Das erste Mal kam ich mir dann die folgenden Tage schon fast etwas überflüssig vor (und das meine ich überhaupt nicht negativ!). Bouchra hat ihre Aufgabe sofort wahrgenommen und ist eine tolle Ergänzung für das Team. Die Kinder haben sie bereits als Lehrperson im Sinne einer Lernbegleiterin akzeptiert, so dass ich immer mal wieder Luft habe, die neue Atmosphäre zu schnuppern und zu beobachten.

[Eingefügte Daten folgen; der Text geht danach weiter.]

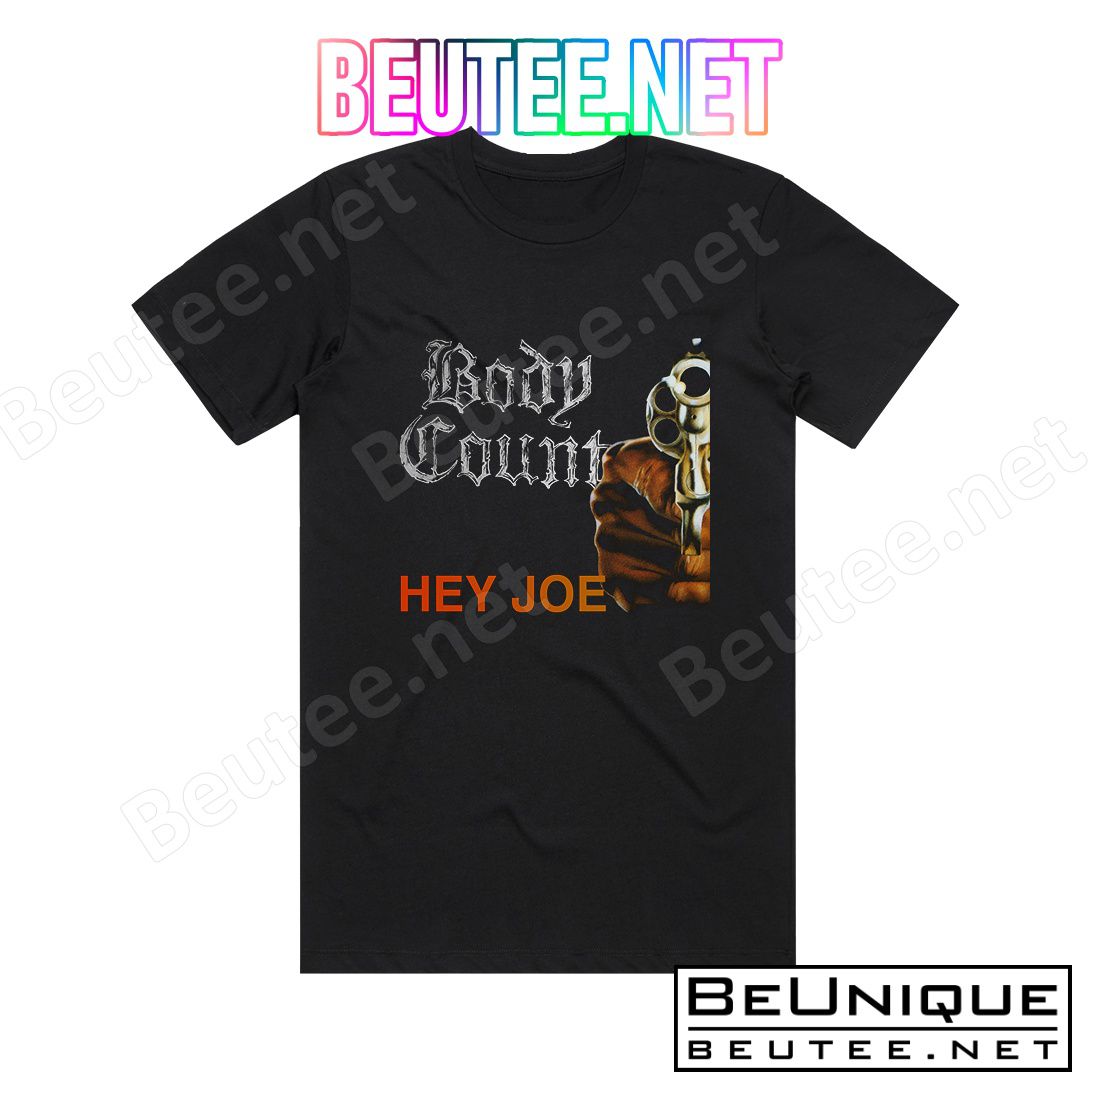 Body Count Hey Joe Album Cover T-Shirt

Wir haben in den letzten Monaten immer wieder festgestellt, dass die hiesige Kultur keine fragende Kultur ist. Fragen werden generell nicht gestellt, da innerhalb der Familien immer die Ältesten sagen, wie was gemacht wird. Dies wird dann nicht mehr hinterfragt. So fällt uns auch auf, dass viele Dinge seit Generationen gleich gemacht werden, obwohl es wesentlich einfachere Wege geben würde. Dies hat natürlich auch Vorteile, so werden Traditionen echt gelebt und die Menschen sind dadurch auch wesentlich entspannter als bei uns. In der Schule zeigt sich dieser kulturelle Hintergrund aber auch stark durch eine fehlende oder nicht geweckte Neugierde und eine Hilfslosigkeit, wenn es darum geht, Fragen zu entwickeln oder Interesse zu bekunden.

Deshalb möchten Daniel und ich in den letzten Wochen, in denen wir hier sind, eine “Denkschule” anbieten. Wir möchten jeden Tag einen Denkanstoss geben, dem die Schüler folgen können, wenn sie möchten. Auch dürfen sie selbst bestimmen, wie lange sie sich gedanklich damit auseinandersetzen. Wir dachten an unterschiedliche Dinge, wie logische Rätsel mit mehreren Lösungswegen und Lösungen, kreativer Sprachunterricht der die Phantasie anregt , Tüftelaufgaben mit diversem Material, philosophische Fragen, mathematische kreative Ansätze, gestalterische Herausforderungen… es sollen immer Dinge sein, die zum Denken und kreativer Lösungssuche anregen und viele Lösungswege zulassen….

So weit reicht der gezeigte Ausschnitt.